BRIEF >> In the material below, find the line with "AS14-70-9680 - Apollo"; set down that line and every line after it to the end, exactly, without pictures.

DATASET CONTENT >>
- - - -

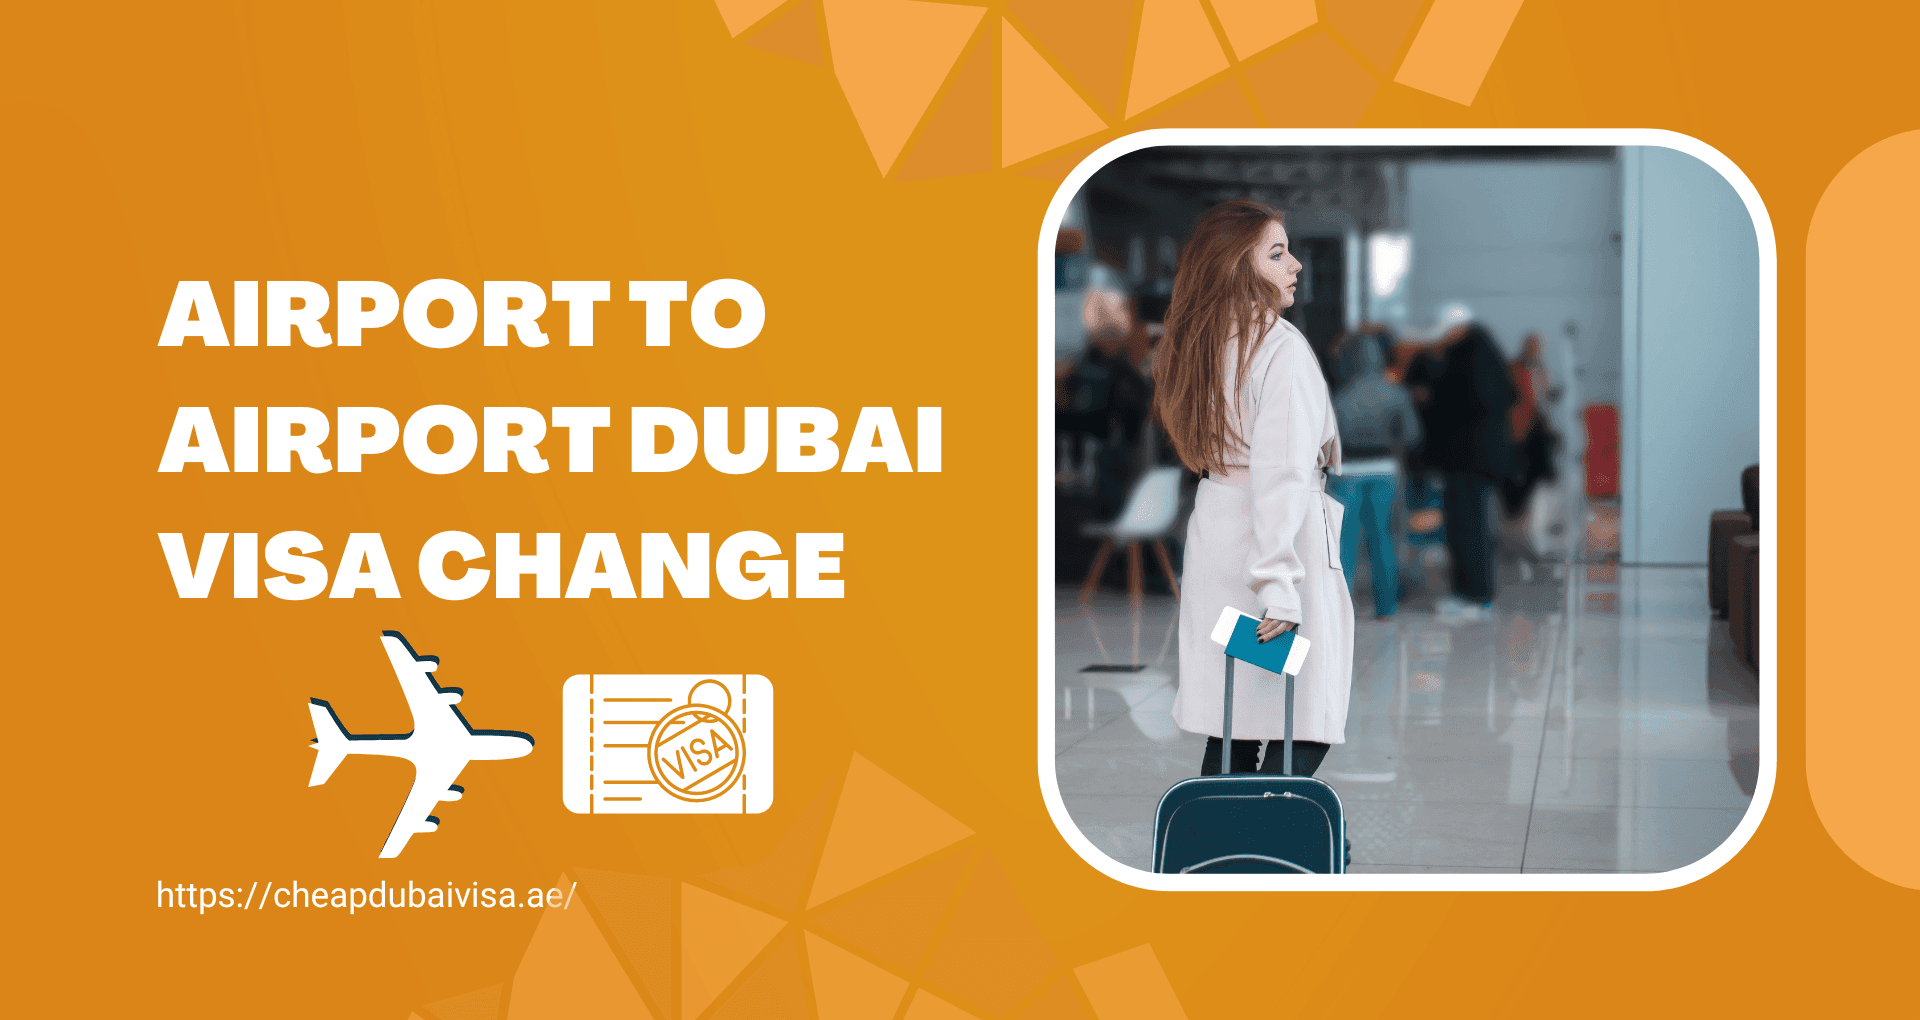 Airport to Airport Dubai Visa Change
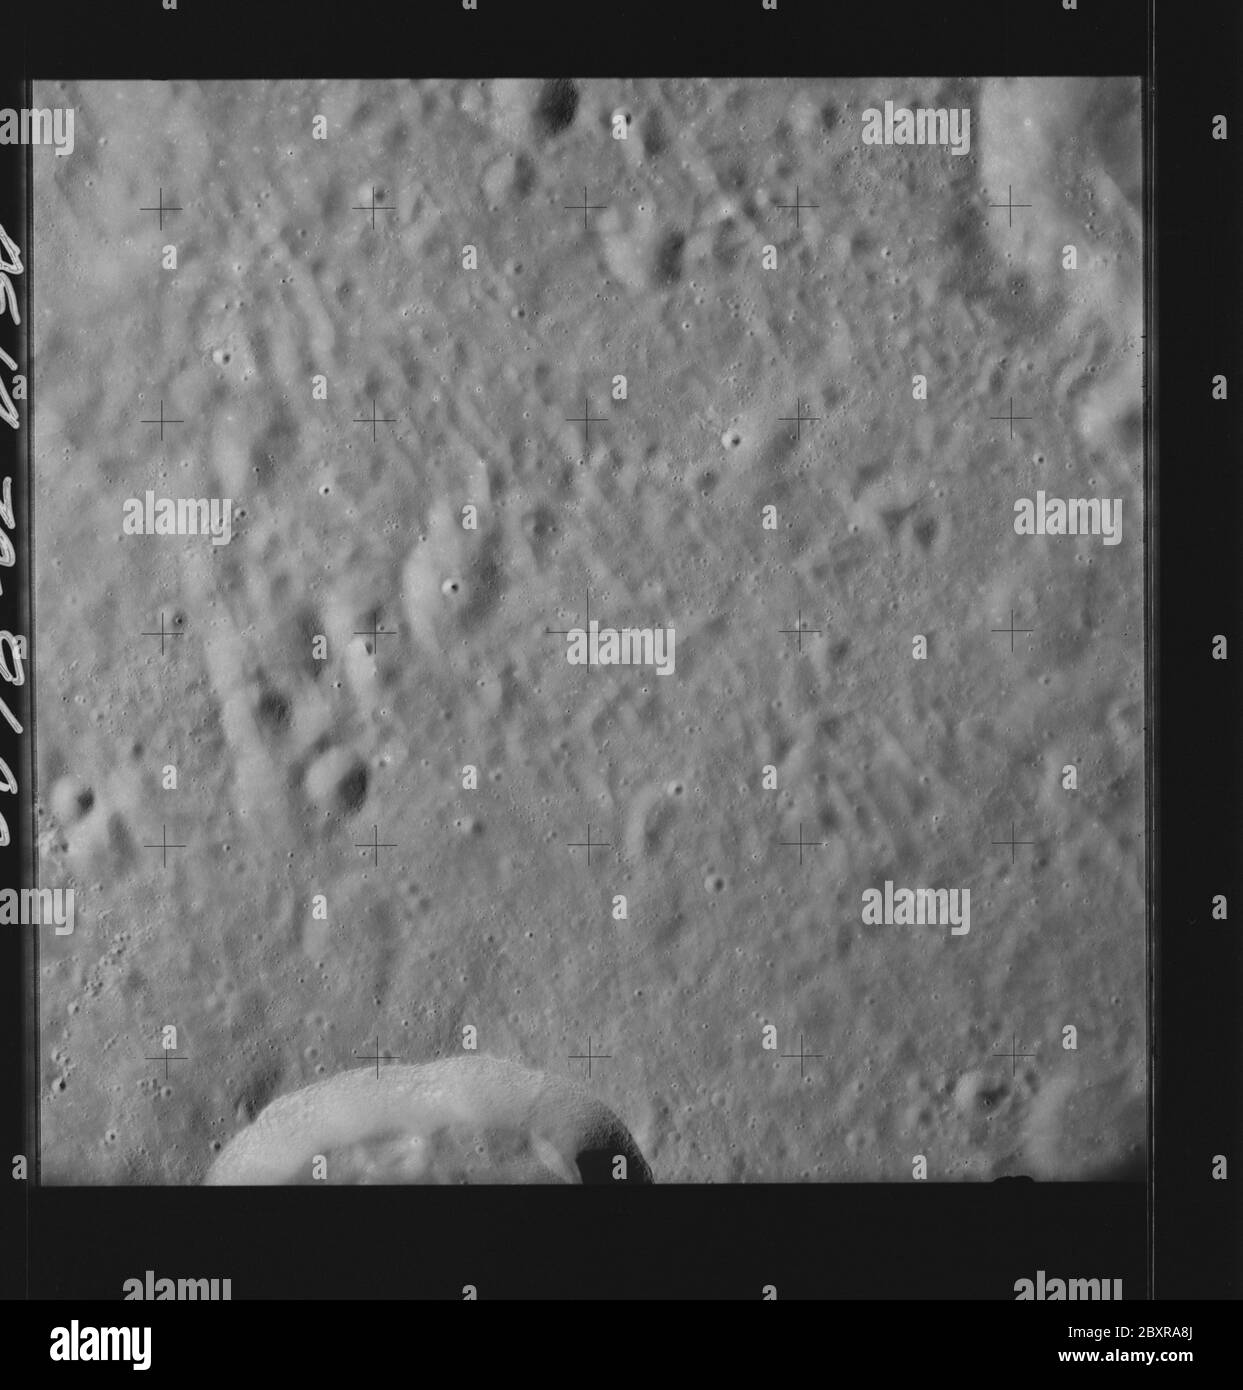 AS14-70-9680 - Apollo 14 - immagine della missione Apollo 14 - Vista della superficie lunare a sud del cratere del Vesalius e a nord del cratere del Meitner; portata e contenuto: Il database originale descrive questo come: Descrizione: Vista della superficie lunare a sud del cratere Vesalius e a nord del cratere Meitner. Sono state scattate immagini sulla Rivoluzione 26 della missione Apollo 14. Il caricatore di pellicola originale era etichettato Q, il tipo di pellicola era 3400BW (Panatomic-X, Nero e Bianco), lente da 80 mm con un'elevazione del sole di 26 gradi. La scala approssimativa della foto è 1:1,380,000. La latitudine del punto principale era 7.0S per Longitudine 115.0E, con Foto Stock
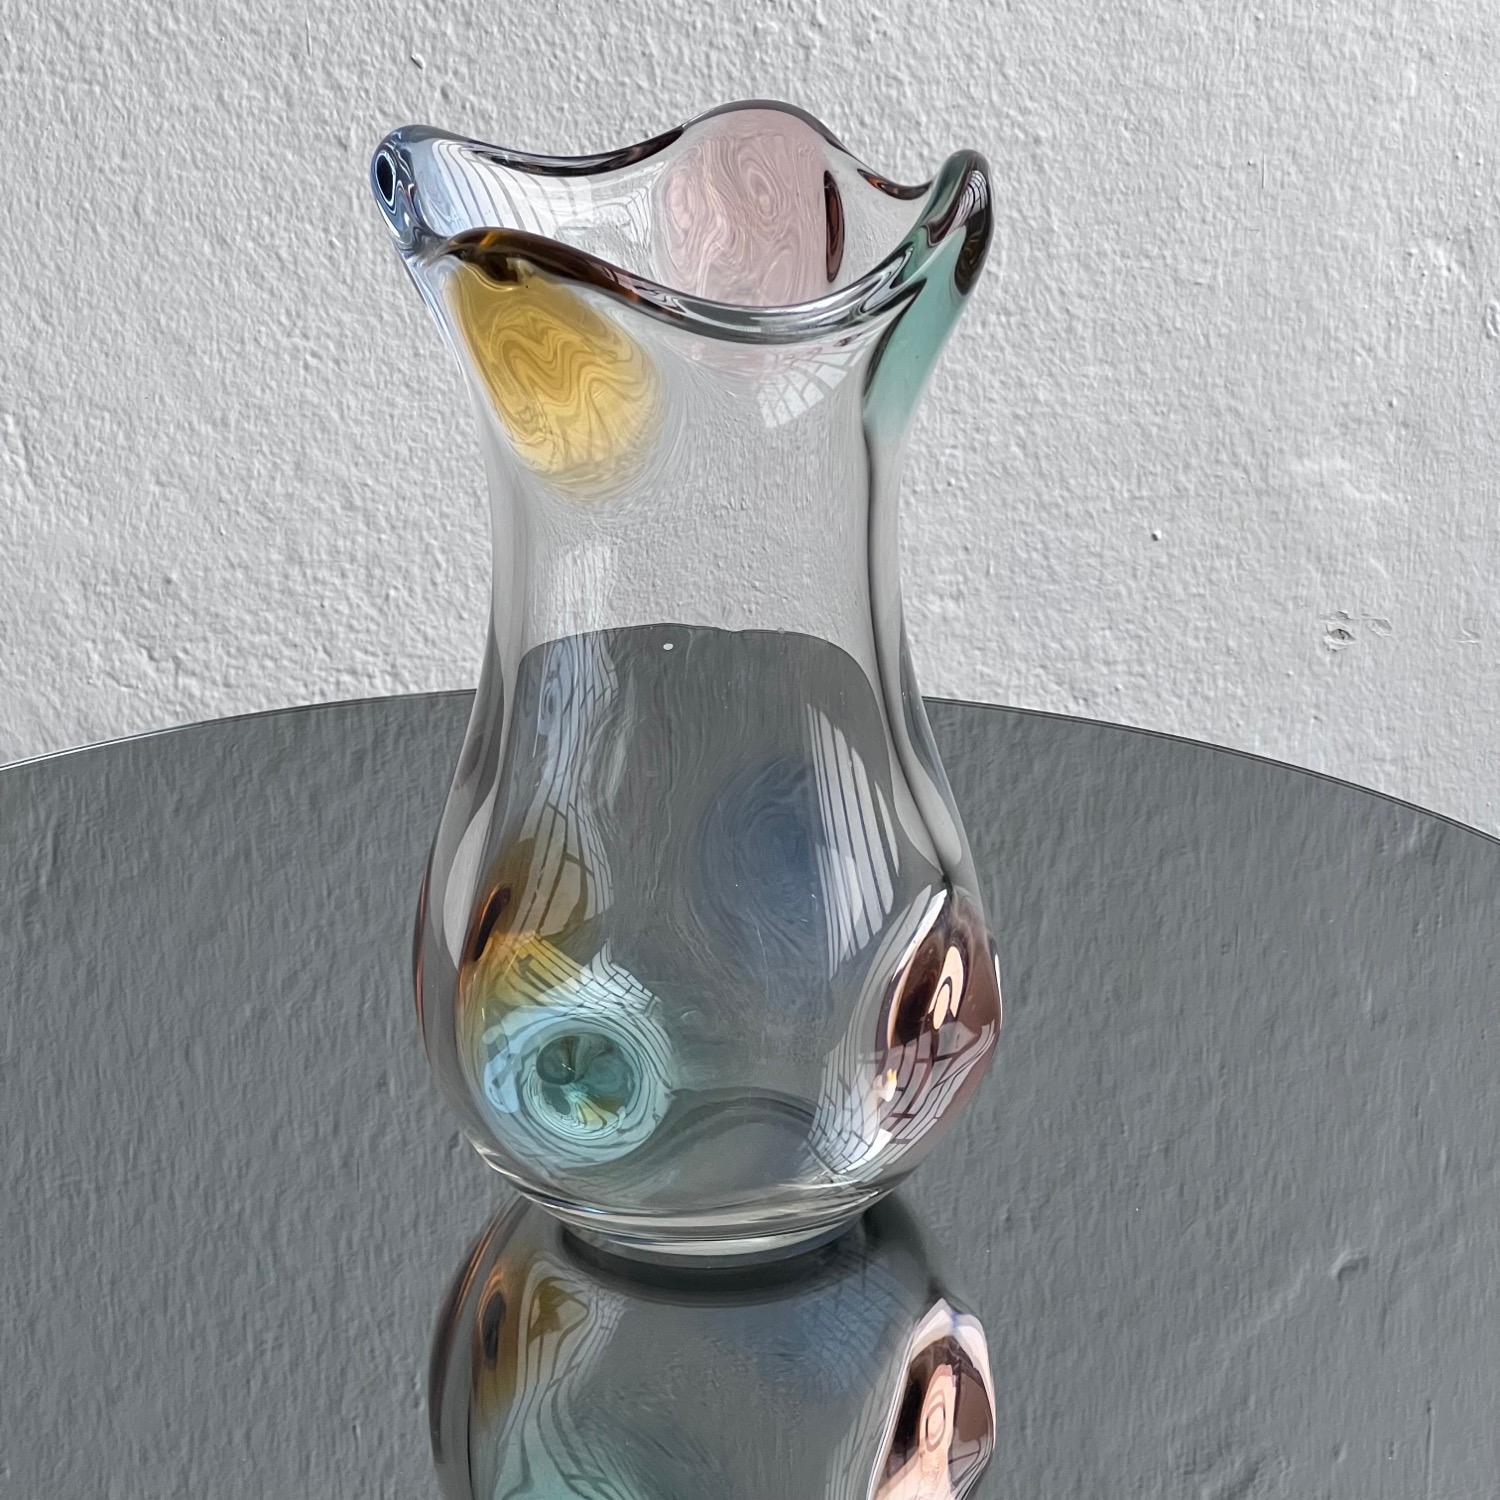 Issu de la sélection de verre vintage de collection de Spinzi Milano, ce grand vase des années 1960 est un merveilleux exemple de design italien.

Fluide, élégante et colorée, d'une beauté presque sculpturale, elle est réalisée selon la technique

- - - -

EXERCISE ANSWER >>
 AS14-70-9680 - Apollo 14 - immagine della missione Apollo 14 - Vista della superficie lunare a sud del cratere del Vesalius e a nord del cratere del Meitner; portata e contenuto: Il database originale descrive questo come: Descrizione: Vista della superficie lunare a sud del cratere Vesalius e a nord del cratere Meitner. Sono state scattate immagini sulla Rivoluzione 26 della missione Apollo 14. Il caricatore di pellicola originale era etichettato Q, il tipo di pellicola era 3400BW (Panatomic-X, Nero e Bianco), lente da 80 mm con un'elevazione del sole di 26 gradi. La scala approssimativa della foto è 1:1,380,000. La latitudine del punto principale era 7.0S per Longitudine 115.0E, con Foto Stock
 Issu de la sélection de verre vintage de collection de Spinzi Milano, ce grand vase des années 1960 est un merveilleux exemple de design italien.

Fluide, élégante et colorée, d'une beauté presque sculpturale, elle est réalisée selon la technique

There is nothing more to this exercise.